Eternal Roles 4

There is just one more role that we should examine.  If you have questions from the previous post, this might actually help answer some of those for you.  The basis of our ability to rule/judge in eternity is because of this last role.

If you thought that these were acts reserved for God alone, we have to take one thing into consideration.  For we know that Christ is King and Judge, and He receives those roles Himself because He is the Son of God.  But we, too, are sons, adopted as if we were born of the Father Himself.  Therefore we are joint-heirs with Christ.

First, let’s talk about how we became heirs.

You might think that it is being born again, of water and Spirit (see John 3), that makes us sort of “re-made” with a new Father, God.  But Scripture paints a very different picture.  Instead of Fathering us anew, God adopts us.  Now, I realize that on the surface, it doesn’t seem any different; but in reality it completely different.
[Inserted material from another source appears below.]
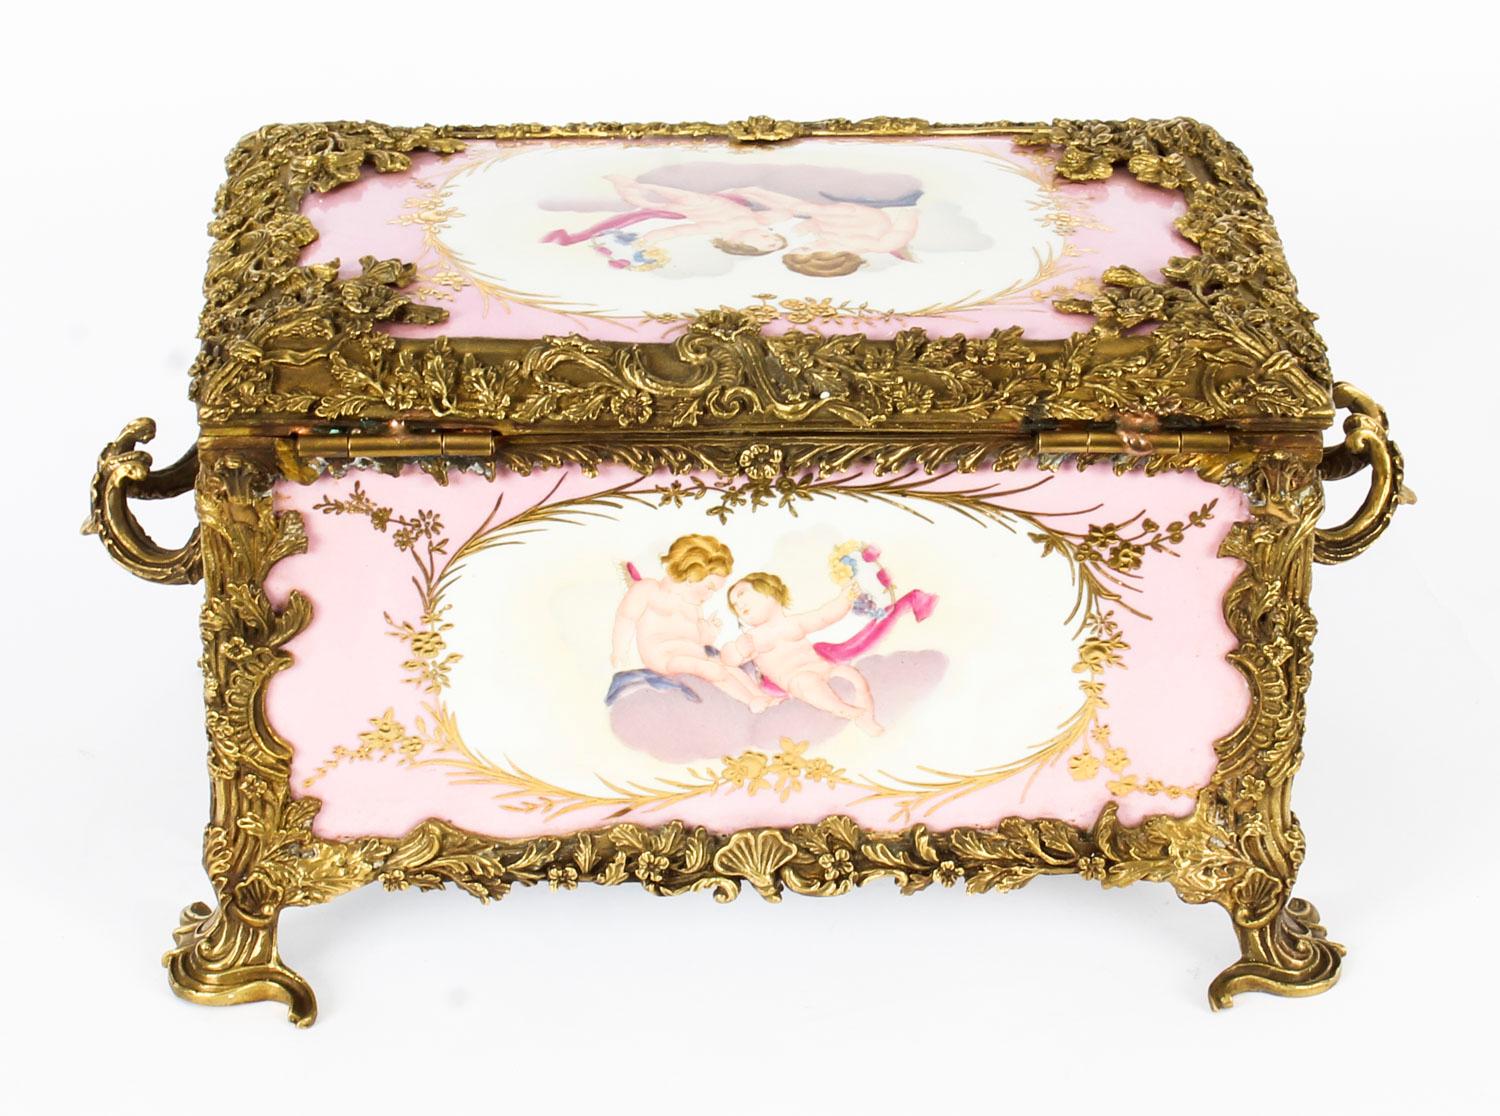 This is a beautiful large Vintage Russian Revival porcelain and ormolu mounted jewellery casket in rose pink, dating from the last quarter of the 20th century.

This highly decorative piece is hand painted with cherubs and musical instruments, has a

For if we are re-made, Fathered anew, then God wipes out all of what we were and starts us afresh.  Though the forgiveness given to us does remove our sin as far from God and His memory as East is from West, we are not free of our sinful nature as long as we walk in our natural, corruptible bodies (see Romans 7:1-12; 1 Corinthians 15:42-57).

But adoption means that we are taken, filthy rotten in all of our sins, and lifted up, cleaned by the Blood of Christ (see Romans 5:6-11), and given a new nature that battles with our old one, until that day when we our mortal, corruptible bodies are exchanged for the immortal, incorruptible that Paul described in 1 Corinthians 15.

For all who are led by the Spirit of God are children of God. So you should not be like cowering, fearful slaves. You should behave instead like God’s very own children, adopted into his family-calling him “Father, dear Father.”  For his Holy Spirit speaks to us deep in our hearts and tells us that we are God’s children.  And since we are his children, we will share his treasures-for everything God gives to his Son, Christ, is ours, too.
(Romans 8:14-17a, NLT)

We could go on and on just about the implications of Adoption.  But let’s just look at the fact that this adoption is so complete, that we are not just heirs of Christ, we are heirs of God with Christ.  And, we joint heirs, inheriting fully the same as He does, not in some lesser respect.

But when the proper time came God sent His Son, born of a human mother and born under the jurisdiction of the Law, that He might lead us into becoming, by adoption, true sons of God.  It because you really are His sons that God has sent the Spirit of His Son into your hearts to cry “Father, dear Father.”  You, my brother, are not a servant any longer; you are a son.  And, if you are a son, then you are certainly an heir of God through Christ.
(Galatians 4:4-7, Phillips)

You see, Paul had a reason for addressing the church as brothers.  It wasn’t just because women didn’t have an equal place in the church, or because of his own sexist tendencies.

In that patriarchal society, it meant something to be a son.  Suddenly you weren’t just another member of the family, you were an heir.  Daughters weren’t heirs, only sons.

So to tell women they were daughters of God meant nothing.  But, to tell a woman that she was adopted as a son shed an entirely different light on her relationship with God.  Not only would she be equal with the rest of us who are adopted, but she was an heir – legally and fully – to all that God has for His children.

So then, what does it mean to be a joint-heir with Christ?  What is it that we are heirs to?

God, who at various times and in various ways spoke in time past to the fathers by the prophets, has in these last days spoken to us by His Son, whom He has appointed heir of all things, through whom also He made the worlds…
(Hebrews 1:1-2, NKJV).

We become heirs to all things, just as Christ is heir to all things.  We have the same inheritance that Jesus does.

Jesus’ inheritance is owed Him simply because He is the Son of God.  It is not because of His work here on the earth, of His miracles or sermons or prayers, or even because of His death and resurrection.  It is His simply because He is the Son.

But, because of His work on this earth, we have the opportunity become sons of God, not by nature but by adoption.  Who can imagine what wonders await us when we receive our inheritance in eternity?